Marx ve Engels’in “Komünist Manifesto”da çağdaş toplumların bir sorunu olarak gördükleri “emeğin özgür olmaması” sorununun çözümü ancak “gelişmiş ülkelerin kuramda ve uygulamada işbirliği yapması” ile mümkündür. Bunun için 1864’te Londra’da açılan ilk işçi enternasyonali “iletişim ve işbirliği merkezi olmak” amacıyla kurulmuştur.

Toplumsal bir kurum iletişim, toplumların evrensel bir özelliğidir. İletişimin geniş, heterojen ve bilinmeyen bir izleyiciye doğru yönelmiş şekli olarak tarif edilebilen kitle iletişimi ise yine ancak topluma özgü bir mesaj alış veriş biçimidir. Kamusaldır. Çünkü iletişim kaynağından gönderilen iletiler halkın izlemesine açıktır.

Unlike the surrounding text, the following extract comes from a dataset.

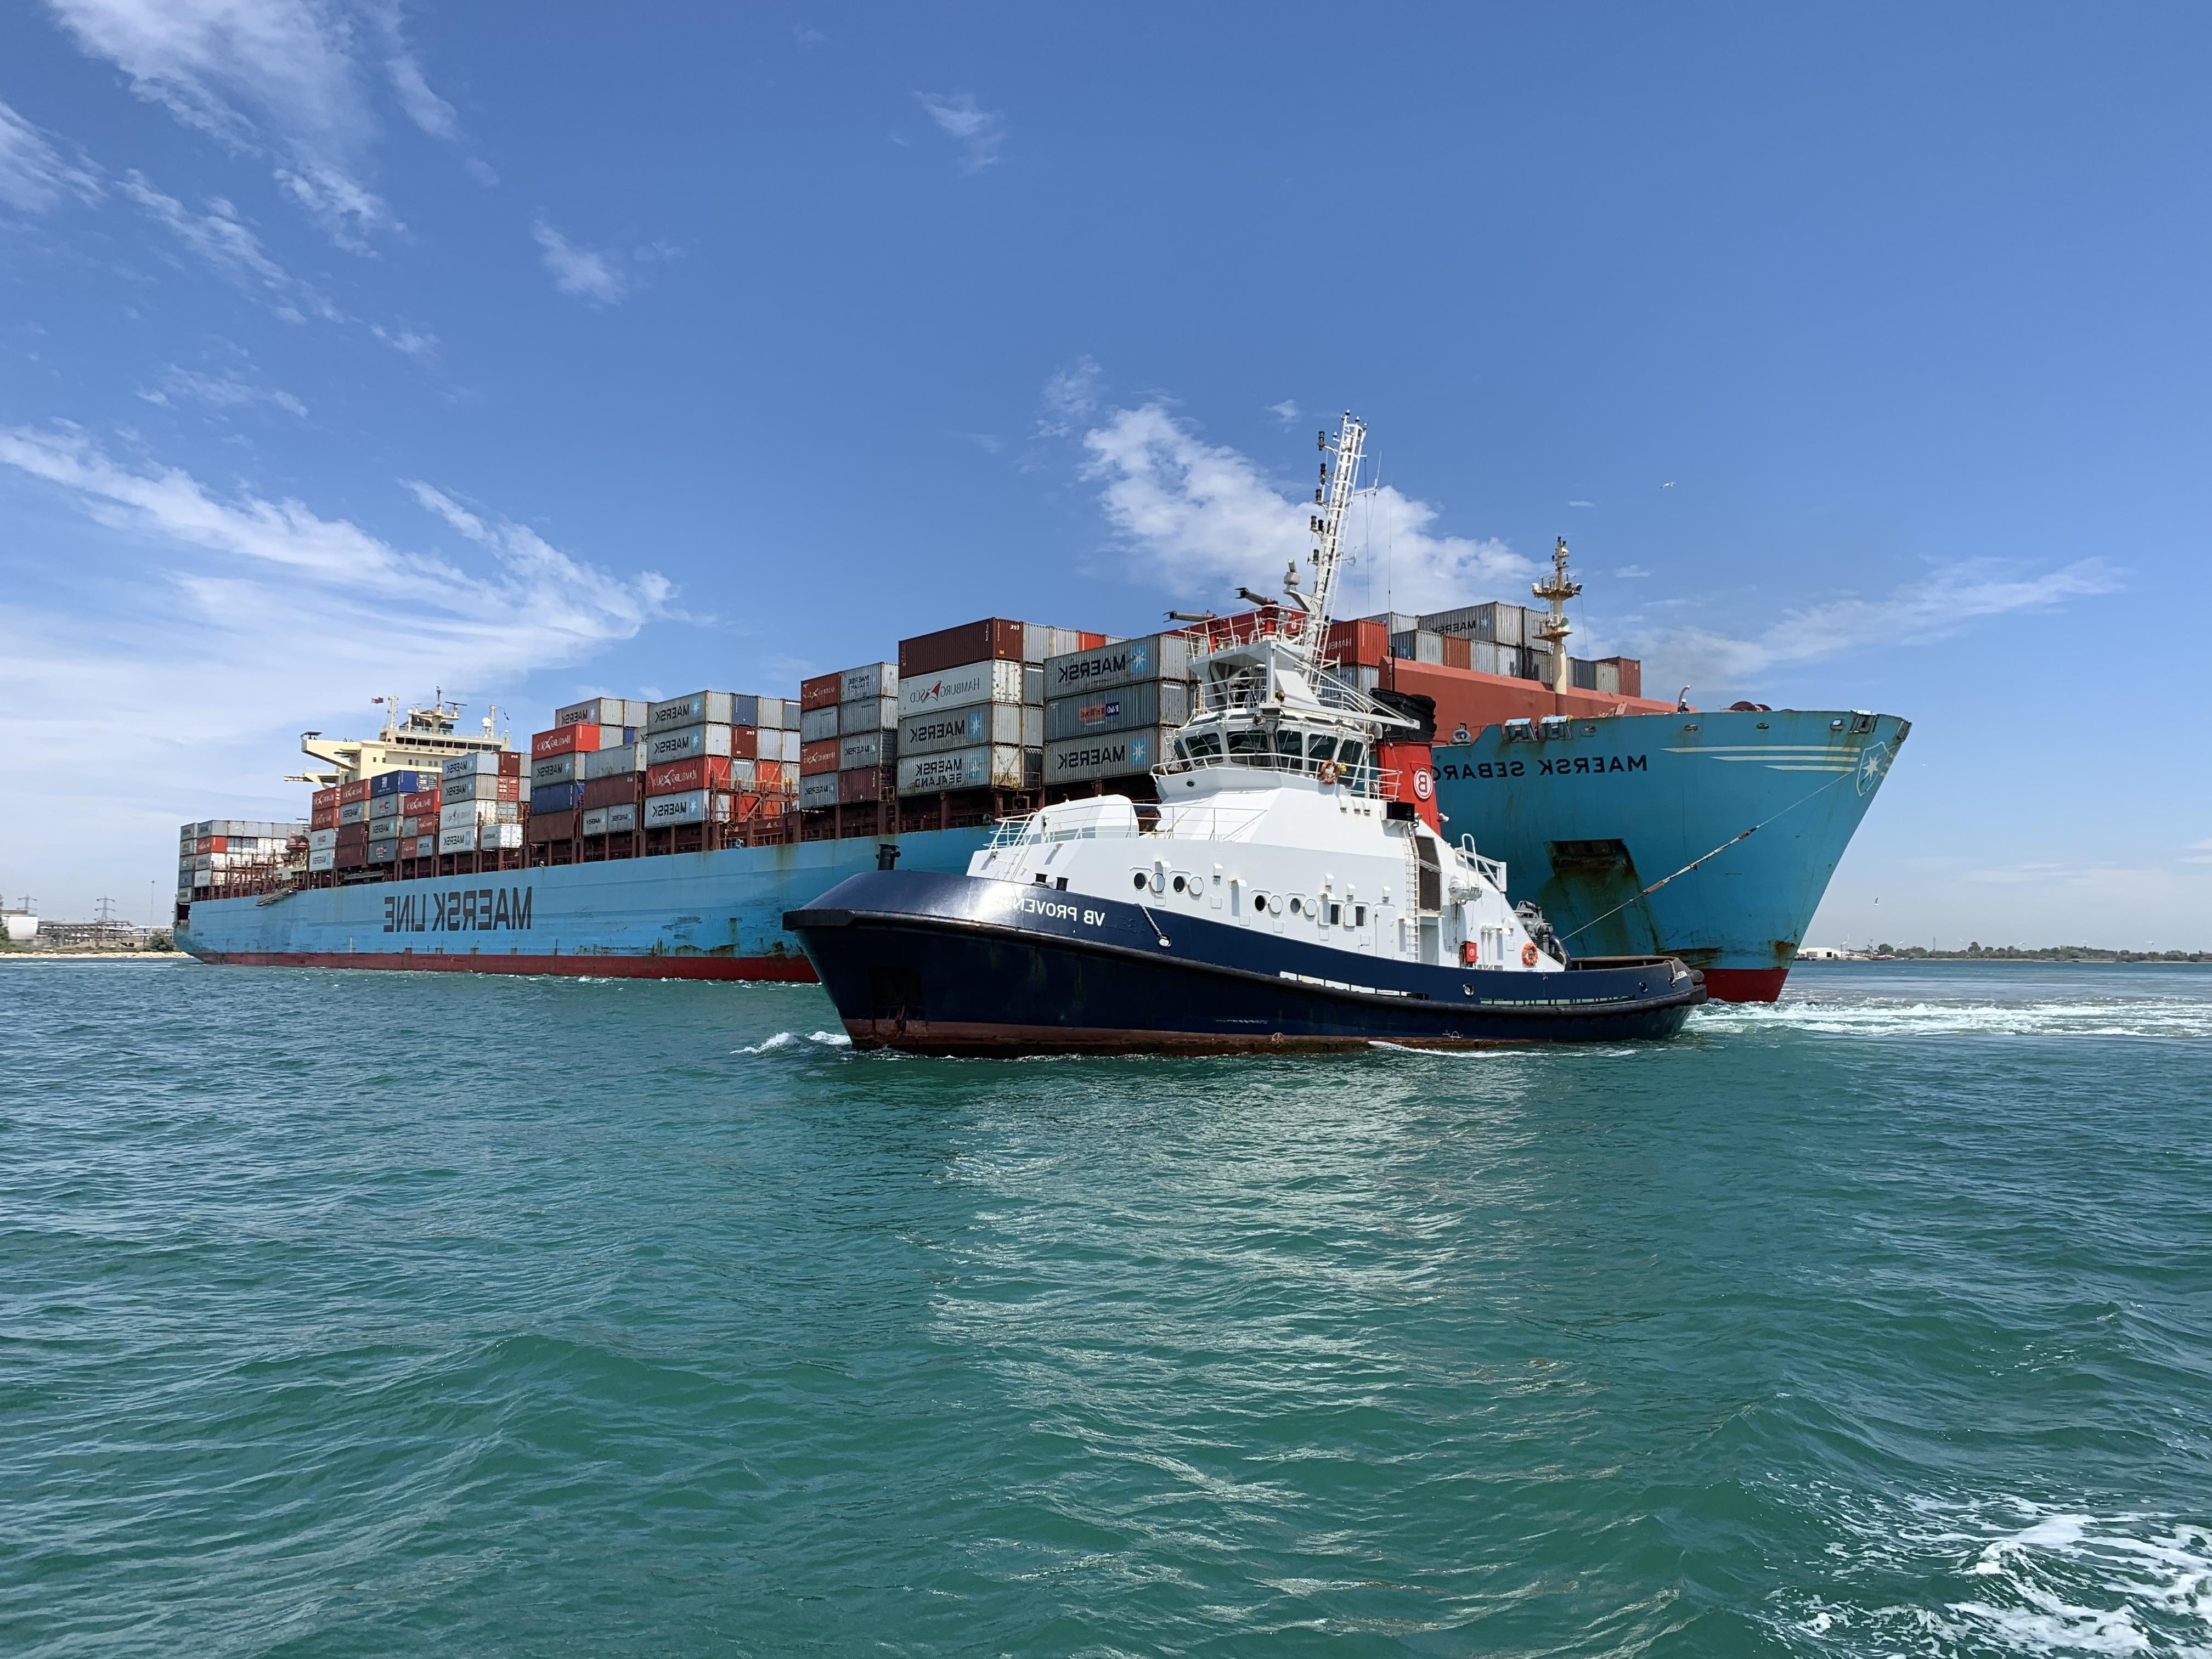 Marseille Fos VB Provence Maersk SEBAROK juin 2019 crédits Denis Monserand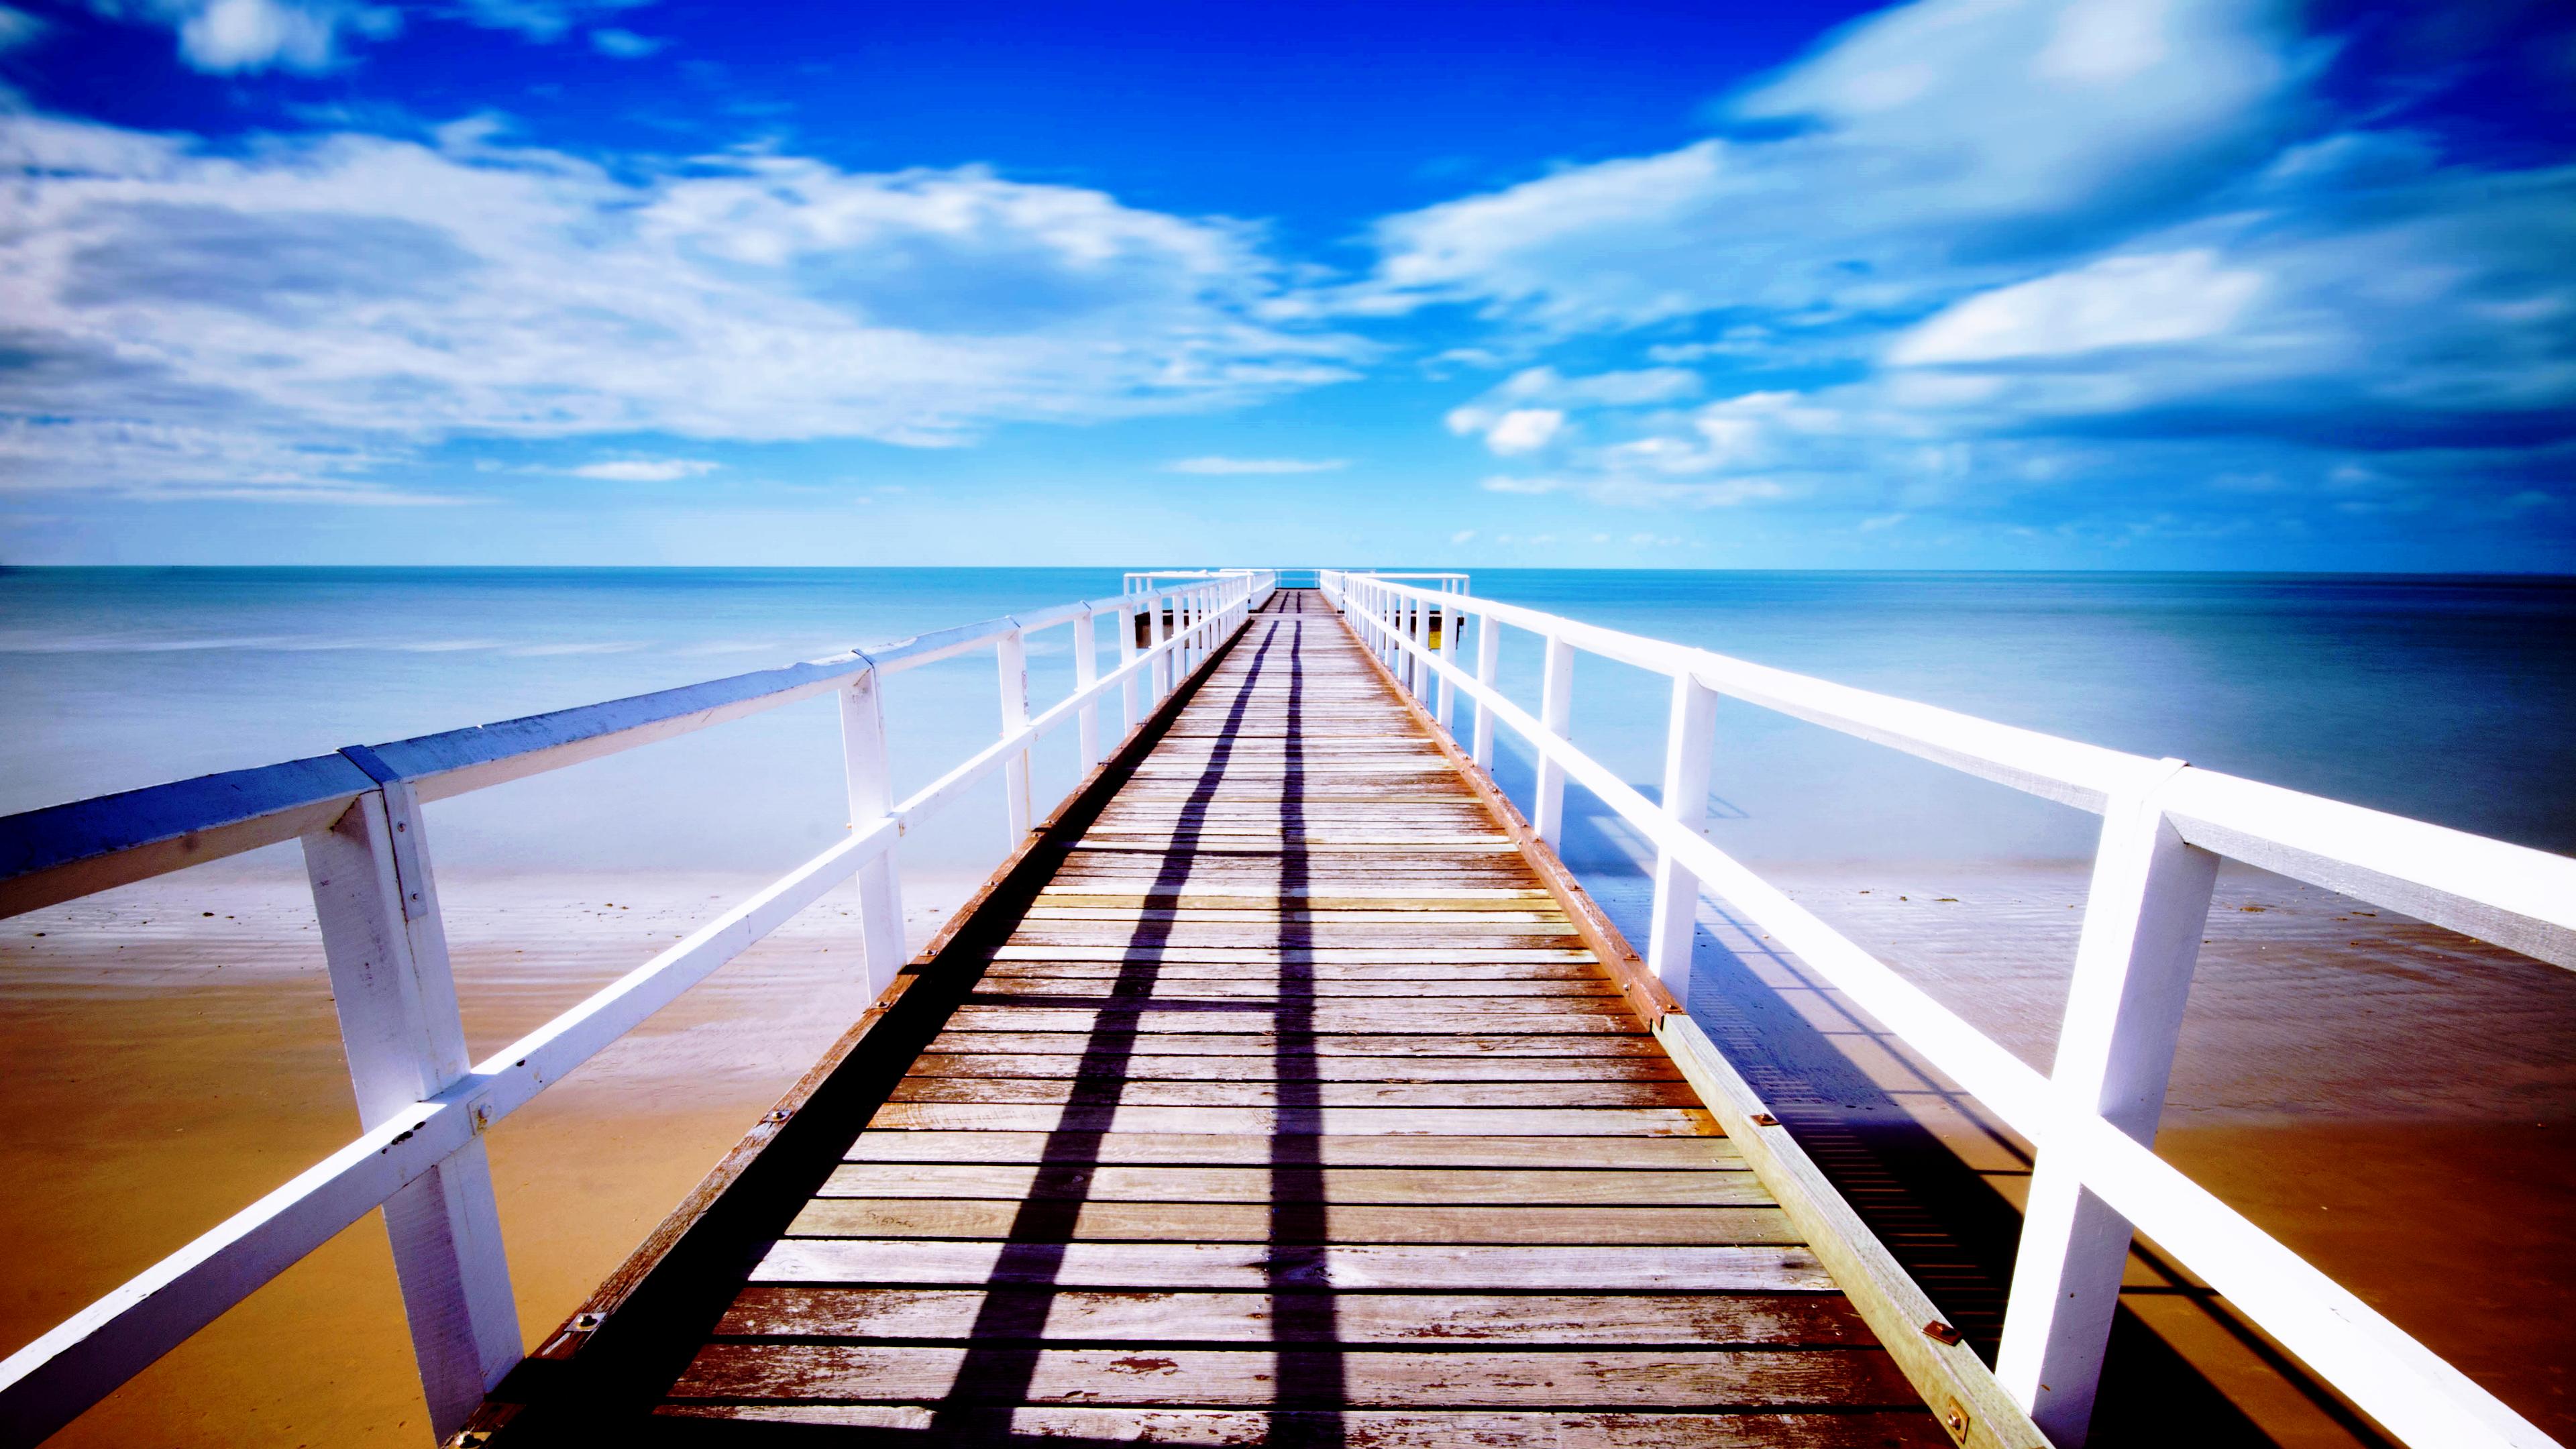 General 3840x2160 bridge pier sky clouds sea water sand blue yellow orange wood white horizon

İnsanın biyolojik bir varlık olmaktan çıkıp, duygu, düşünce ve inançlarını çeşitli semboller kullanarak kendisiyle ve çevresi ile paylaşmaya başlaması, yani toplumsallaşma dediğimiz, içinde yaşadığı toplumun bir parçası olma süreci ancak iletişim ile mümkün olmaktadır. Bu nedenle iletişim, bireyden topluma, toplumdan toplumlararası ilişkilere kadar, günlük hayatın kurgulanmasında ve toplumsal kurumların oluşmasının her aşamasında hayati bir rol üstlenmektedir.

Toplumsallaşma, bireylerin kendi toplumlarının değerlerini, tutumlarını, örf ve âdetlerini kazandığı, içselleştirdiği, aynı zamanda her bireyin belirgin ve farklı bir kişilik geliştirmesine fırsat tanıyan bir süreç olarak tanımlanabilir.

George Simmel’e göre toplumsallaşma, bilim dalı olarak sosyolojinin ilgi alanına giren tek özel alandır. Sosyoloji, ekonomi, ahlak, tarih, psikoloji, antropoloji, iletişim gibi alanların sadece davranışsal temelli etkileşimleri, yani toplumsallaşma üzerinde yoğunlaşır. “İnsanlara ne oluyor?”, “İnsanlar hangi kurallara göre yaşıyor?” sorularına cevap arar. “Tüm insanların davranışı bireylerin davranışları olmasına rağmen, bunların çoğu bireylerin grup ilişkileri açısından açıklanabilir”

Bireyin kişilik kazanarak belli bir toplumsal çevreye hazırlanması, toplumla bütünleşmesi süreci olarak tanımlanan toplumsallaşma “sosyal” teriminden türetilmiştir. ‘Sosyal’ terimi Latince socius sözcüğünden gelmektedir. Socius’un anlamı ‘birliktelik’, ‘birlikte oluş’tur. Birisi gibi nasıl davranılacağını öğrenmek ve bir socius olmak içgüdüsü bireyde doğuştan var olan bir durumdur.